The invention relates to a taper conformal omnidirectional double frequency micro-strip antenna array which is characterized in that a high-frequency micro-strip antenna array (2) and a low-frequency micro-strip antenna array (4) which are arranged up and down and are conformal with a taper carrier (1) are arranged around the cone surface of the taper carrier (1), wherein the high-frequency micro-strip antenna array (2) is near the conic node end of the taper carrier (1), and the low-frequency micro-strip antenna array (4) is arranged below the high-frequency micro-strip antenna array (2); the high-frequency micro-strip antenna array (2) consists of a plurality of high-frequency micro-strip antenna elements (6) in parallel feed connection, and the low-frequency micro-strip antenna array (4) consists of a plurality of low-frequency micro-strip antenna elements (11) in parallel feed connection. The invention realizes the conformality of a micro antenna and omnidirectional antenna beam coverage on the taper carrier as a geometric structure, and gaps are arranged at a radiationless side of each micro-strip antenna unit, and sizes of the micro-strip antenna element are reduced so as tomeet the demand of axis sizes of the taper carrier.
Description
Technical field
The present invention relates to a kind of microstrip antenna, particularly a kind of conformal taper conformal omnidirectional double-frequency micro-strip antenna array at the circular cone carrier surface.
Background technology
Continuous development along with modern communications, military technology, airborne, spaceborne, missile-borne and various types of communication and the needed electronic building brick parts of telemetering and remote control system are towards weak point, little, light, thin, highly reliable direction fast development, at aspect of performance, press for Electro Magnetic Compatibility good, be not subject to electronic jamming, RCS RCS (Radar Cross Section) is little, the high-performance array antenna with stealthy/anti-stealthy characteristic.Conformal Microstrip Antennas has that section is low, in light weight, volume is little, RCS is little, be easy to realize series of advantages such as conformal, therefore comes into one's own day by day in recent years.
A class microstrip antenna commonly used is at a thin-medium substrate, on polytetrafluoroethylmaterial material, one side is enclosed thin metal layer as ground plate, and another side is made the metal patch of definite shape with methods such as photoetching corrosions, utilize microstrip line and axis probe to the paster feed, this has just constituted microstrip antenna.

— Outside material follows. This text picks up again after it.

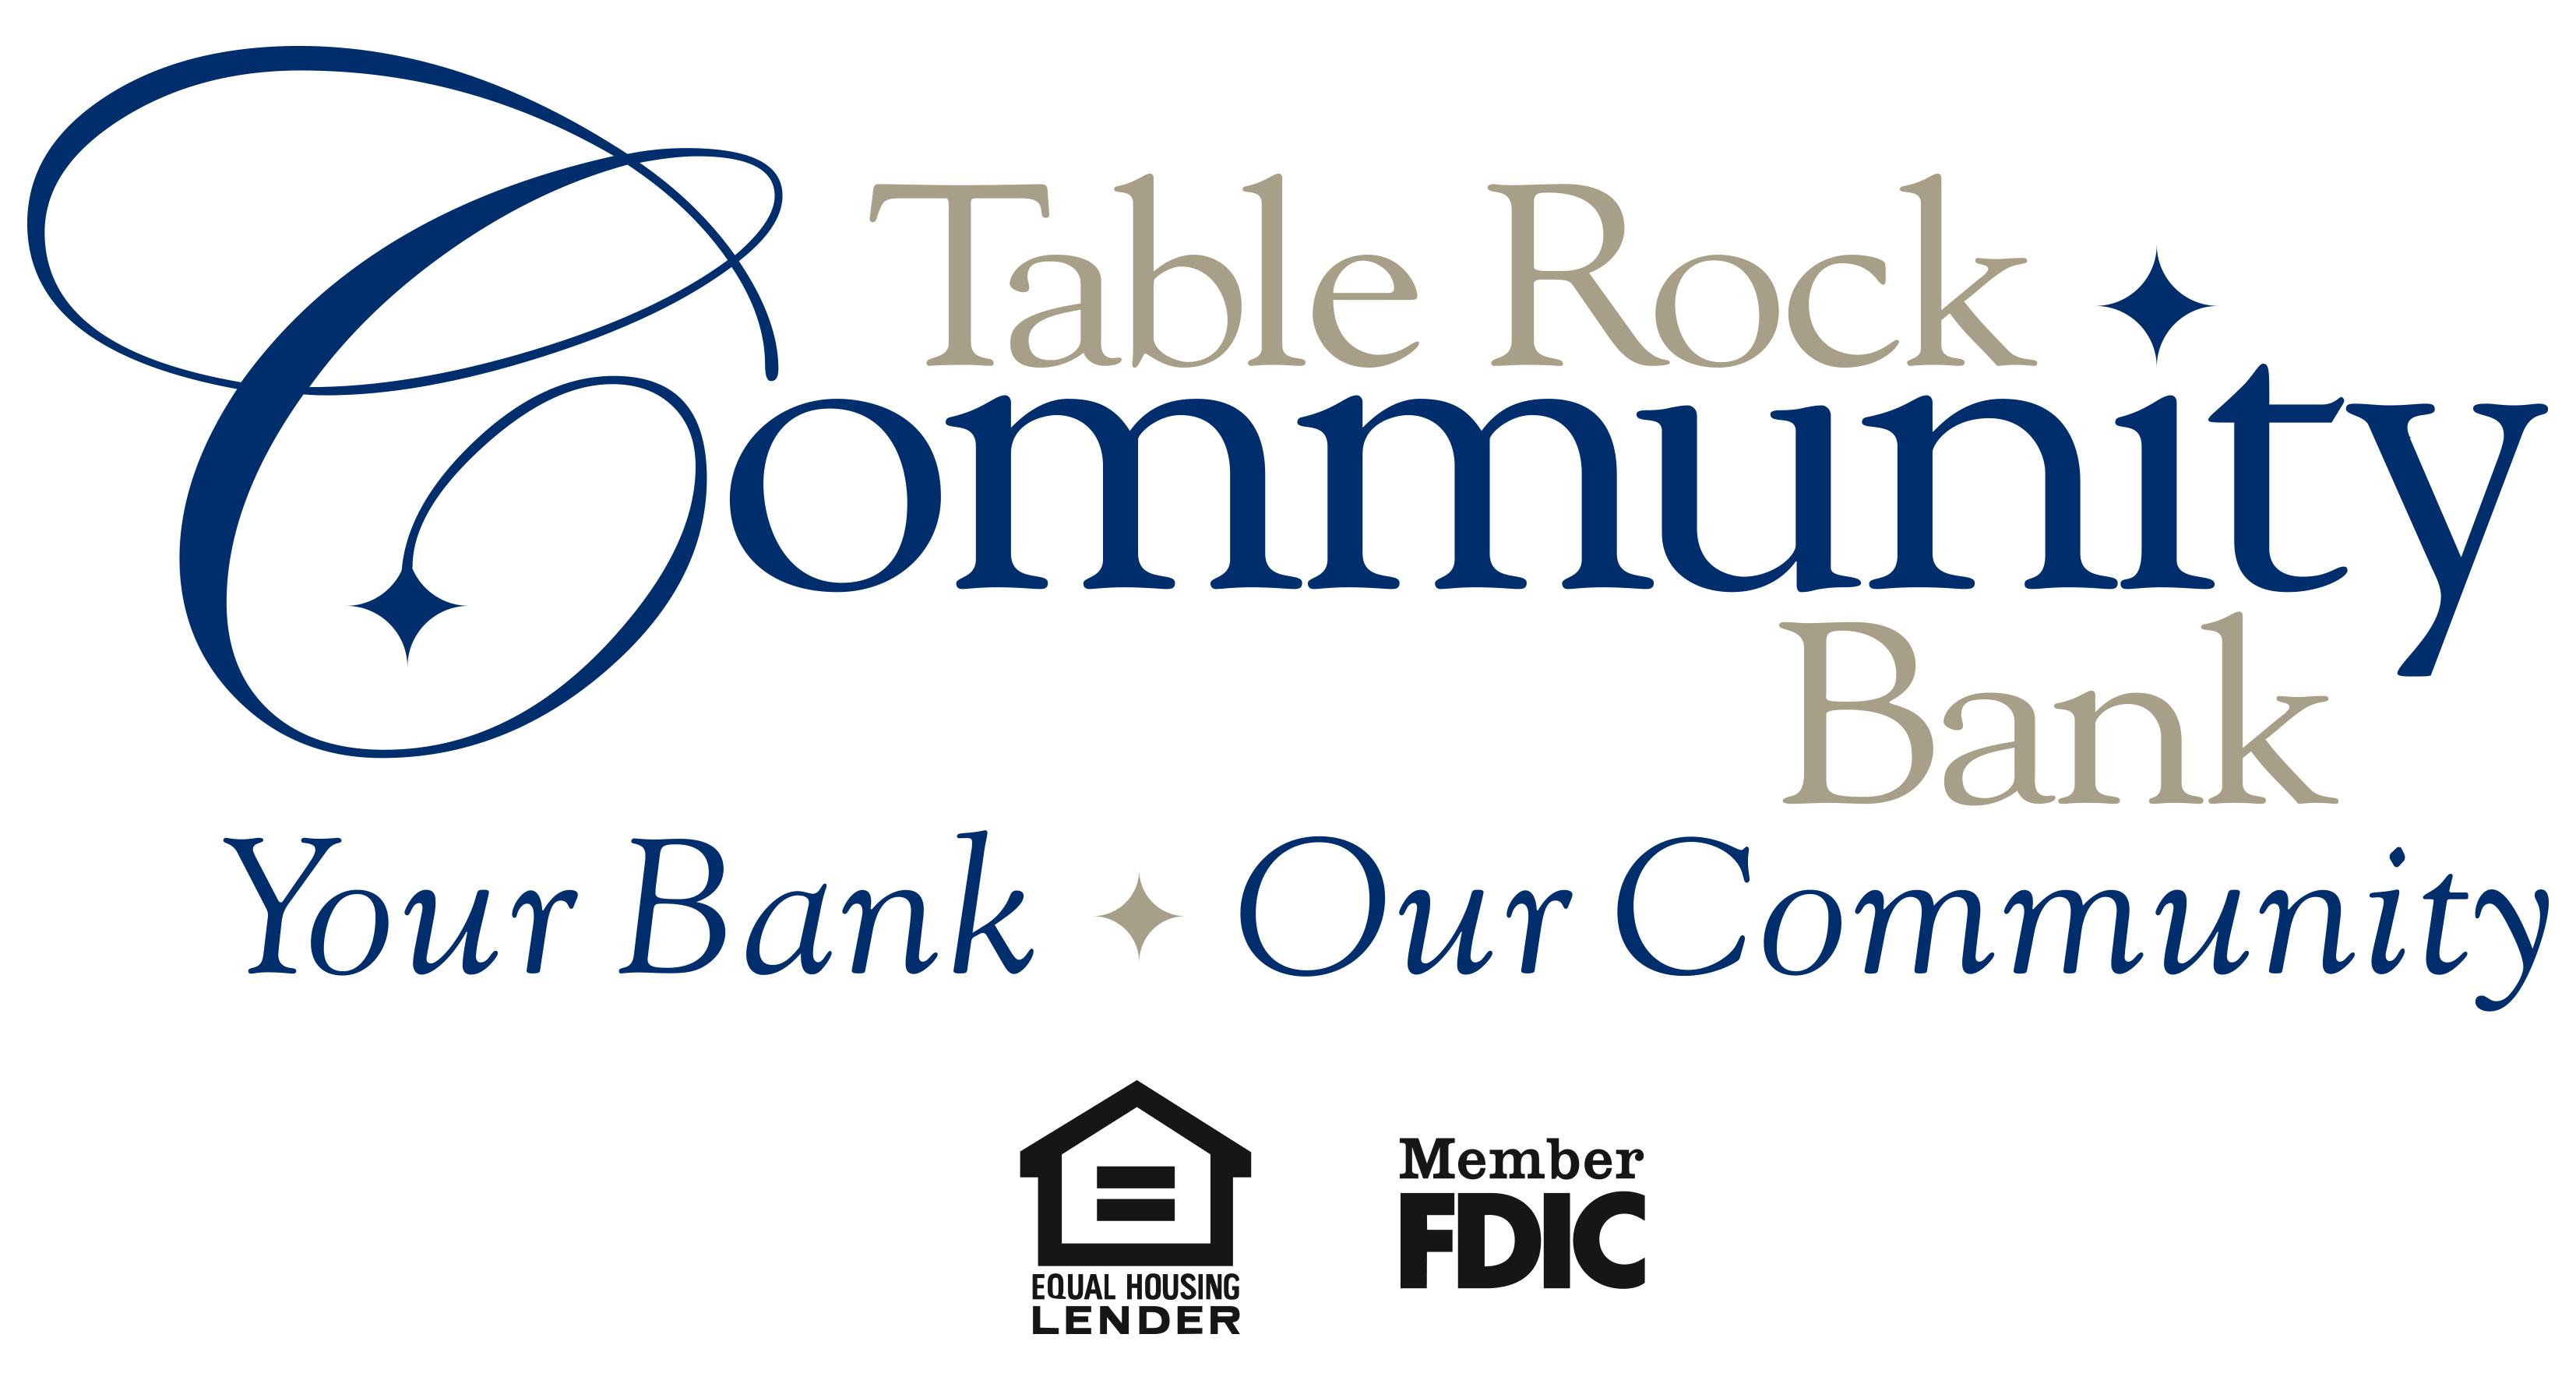 https://growthzonesitesprod.azureedge.net/wp-content/uploads/sites/969/2021/04/Table-Rock-Community-Bank-2021.jpg
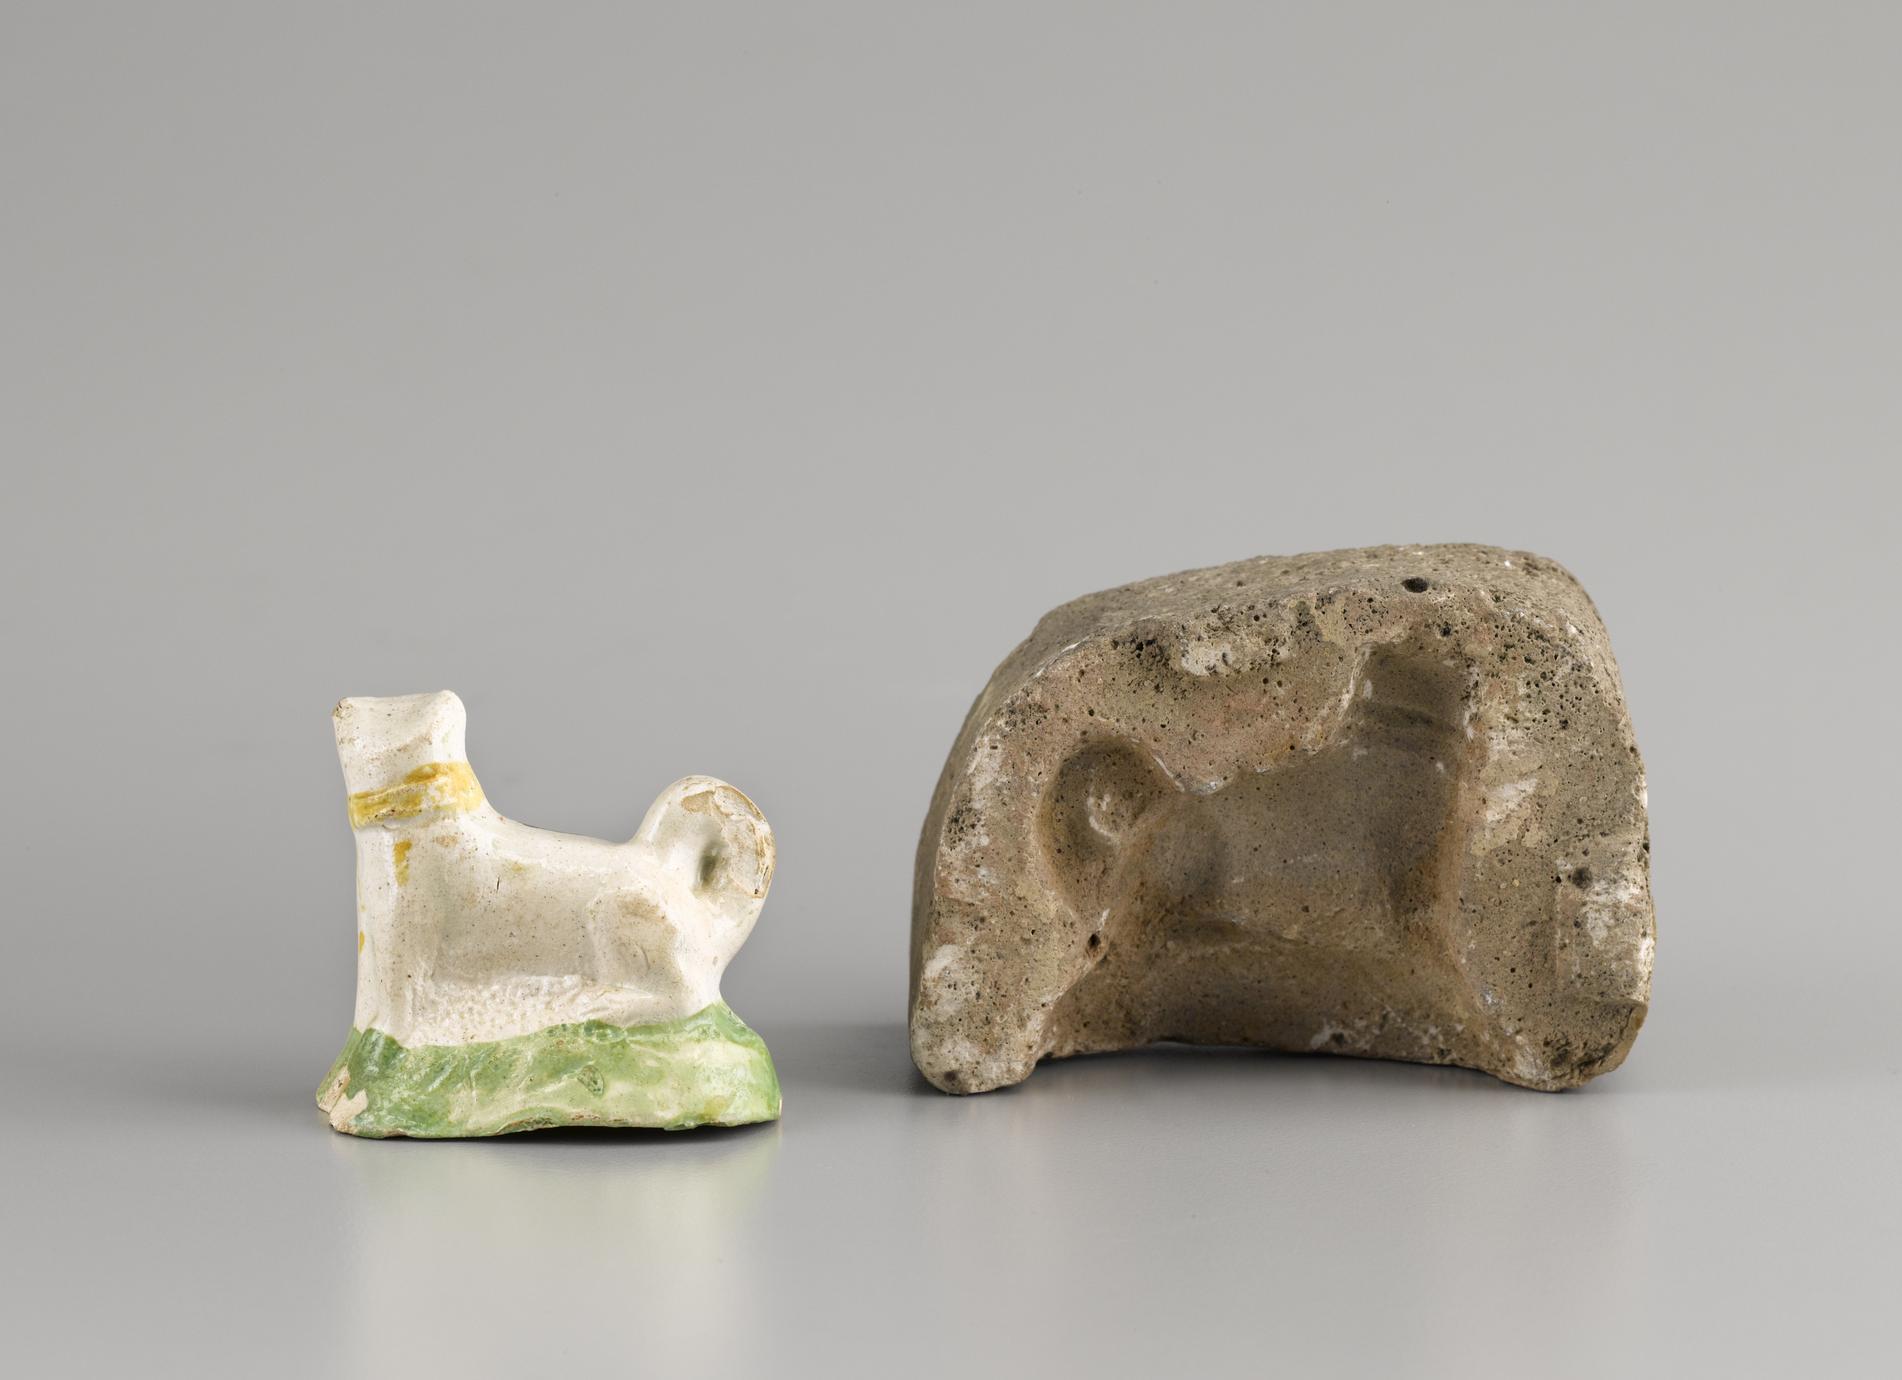 Dog mold (1 of 2)

The missile-borne antenna for aerodynamic consideration, often needs with the missile-borne body conformally, and simultaneously because the particularity of its environment for use, often needing again conformally namely needs antenna conformal on the cone surface in missile-borne body tapering.But because taper seat geometry relative complex so design difficulty are bigger.The missile-borne conformal antenna generally needs omni-directional in addition, does not influence the transmission of signal to guarantee the missile-borne body under the spiraling state.And the require careful consideration arrangement of antenna element of the design of omni-directional antenna makes the omni-directional of antenna pattern cover and is met.Along with development of Communication Technique, the demand of the mode of operation of double frequency is urgent day by day.Conformal antenna to missile-borne also has same demand.But how limited size realizes that two-frequency operation then is technological difficulties in the missile-borne surface.Double frequency array implementation commonly used has two, a kind of is that antenna element itself is two-frequency operation, and the advantage of this scheme is that the size of antenna is little, as long as the area of individual antenna just can be realized two frequency range work, but shortcoming is two frequency ranges and is difficult to control that design difficulty is big.Another kind of scheme is that the aerial array with two frequency ranges designs respectively, then two arrays are realized two-frequency operation near placing, the advantage of this scheme is the antenna simplicity of design, only needs to consider the design of single array, but shortcoming is that the area that aerial array takies is bigger.
Summary of the invention
The purpose of patent of the present invention is at this geometry of cone, and a kind of conformal taper conformal omnidirectional micro-strip antenna array at its surperficial two-frequency operation is provided.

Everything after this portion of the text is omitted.